We were also only able to set the core voltage to +12 versus 0. This differs from the MSI GeForce GTX 680 Lightning which now lets us set this slider to +100 versus 0. However, keep in mind that the GTX 680 Lightning uses GPU Boost 1.0 and the MSI GTX 770 Lightning uses GPU Boost 2.0. Therefore, voltages do act quite differently. In fact, before we even overclocked this video card, the voltage was already sitting at 1.2v to give us 1228MHz. That seems to be the maximum voltage supported. Even setting the slider to +12 we never saw the voltage exceed 1.2v. This means the video card was already operating at the highest possible voltage thanks to GPU Boost 2.0. We also set the aux voltage to +50 and the memory voltage to +100.

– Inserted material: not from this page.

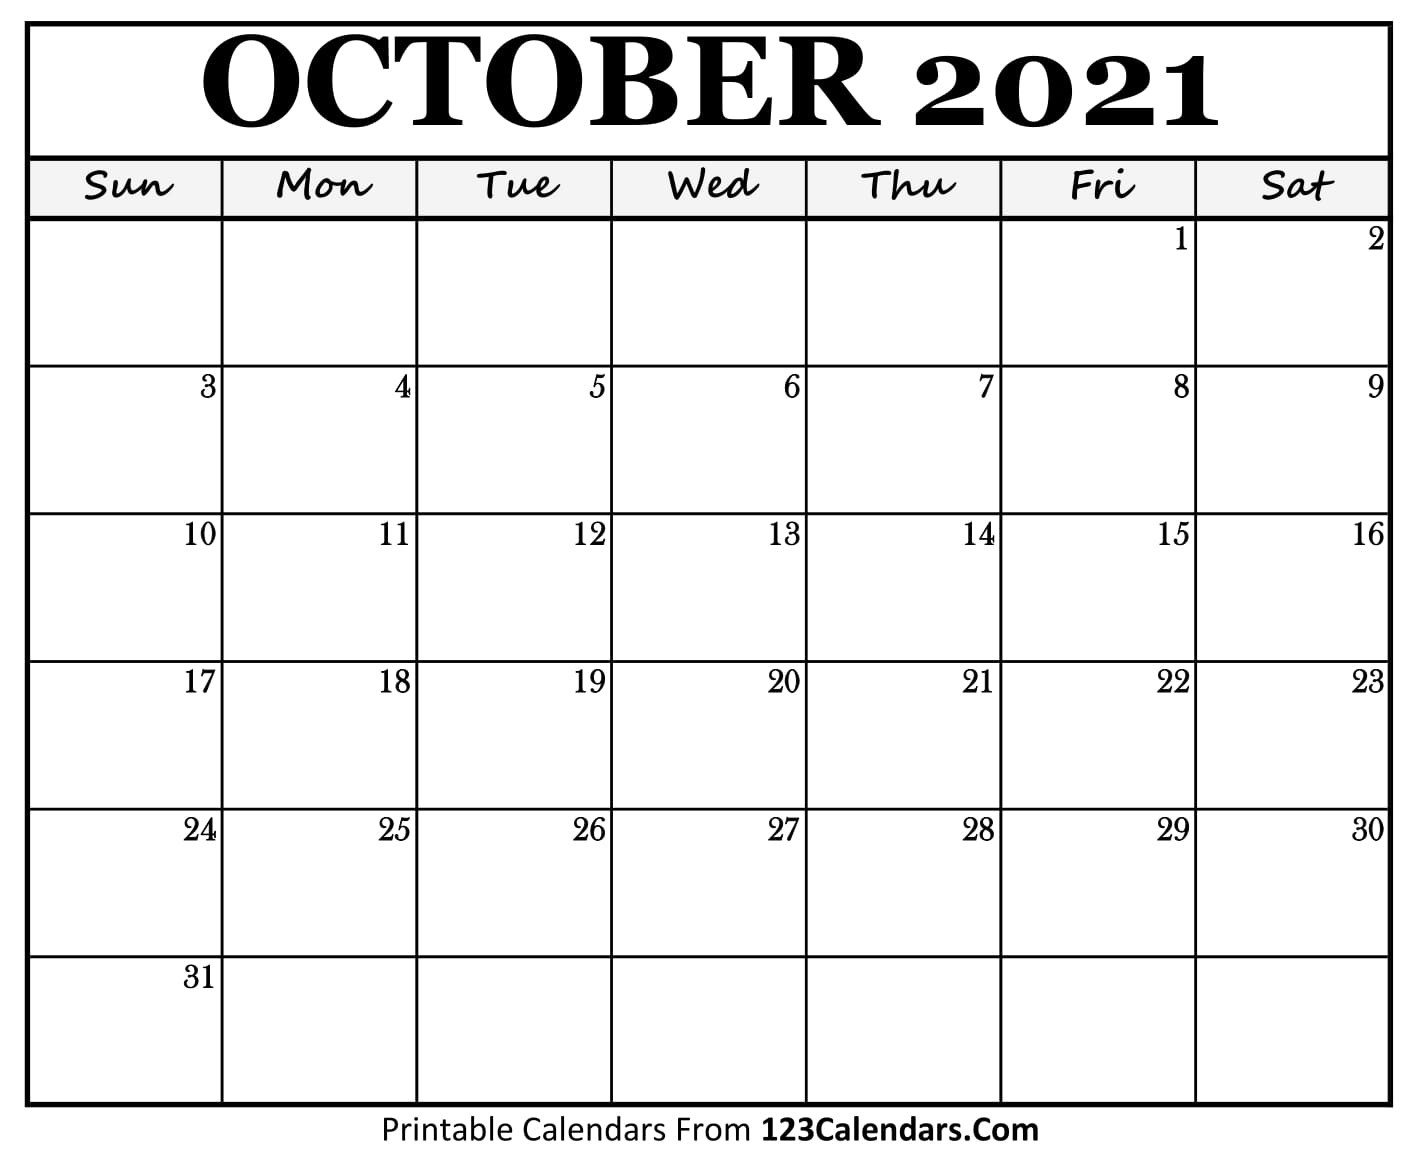 Printable October 2021 Calendar Templates | 123Calendars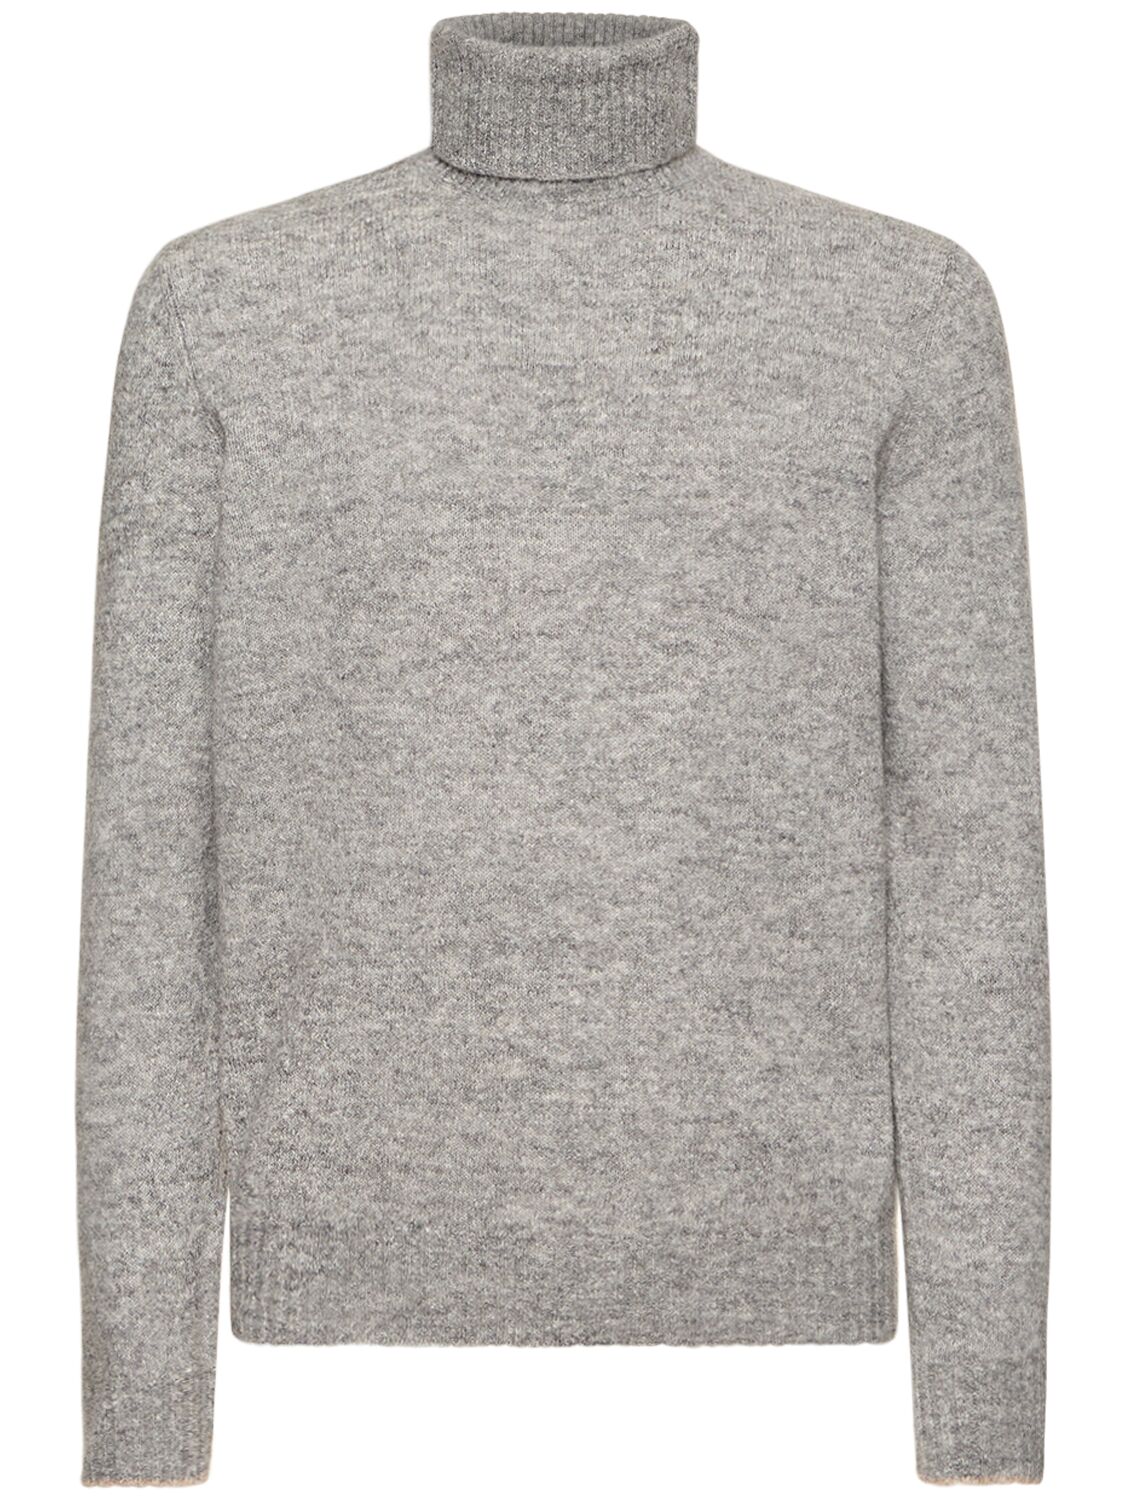 Image of Wool Blend Turtleneck Sweater

All of that lead to a core clock increase of +20 on the slider and +400 on the memory. At +20 core clock the real-world frequency was operating at 1241MHz. The memory was now operating at a whopping 7.8GHz! This was our highest stable overclock in every game. That means we were only getting almost 20MHz higher frequencies, but a whopping huge memory frequency boost. Those 7GHz memory modules sure have some headroom with the voltage boosted. This shows that GPU Boost 2.0 was already taking this GPU to its almost maximum potential, just by default.


Test Setup

We have updated our drivers to the latest versions on all video cards tested here today. MSI GeForce GTX 680 Lightning and MSI N770 Lightning are using GeForce 320.18 WHQL. GIGABYTE Radeon HD 7970 is using Catalyst 13.6 Beta and 13.5 CAP1.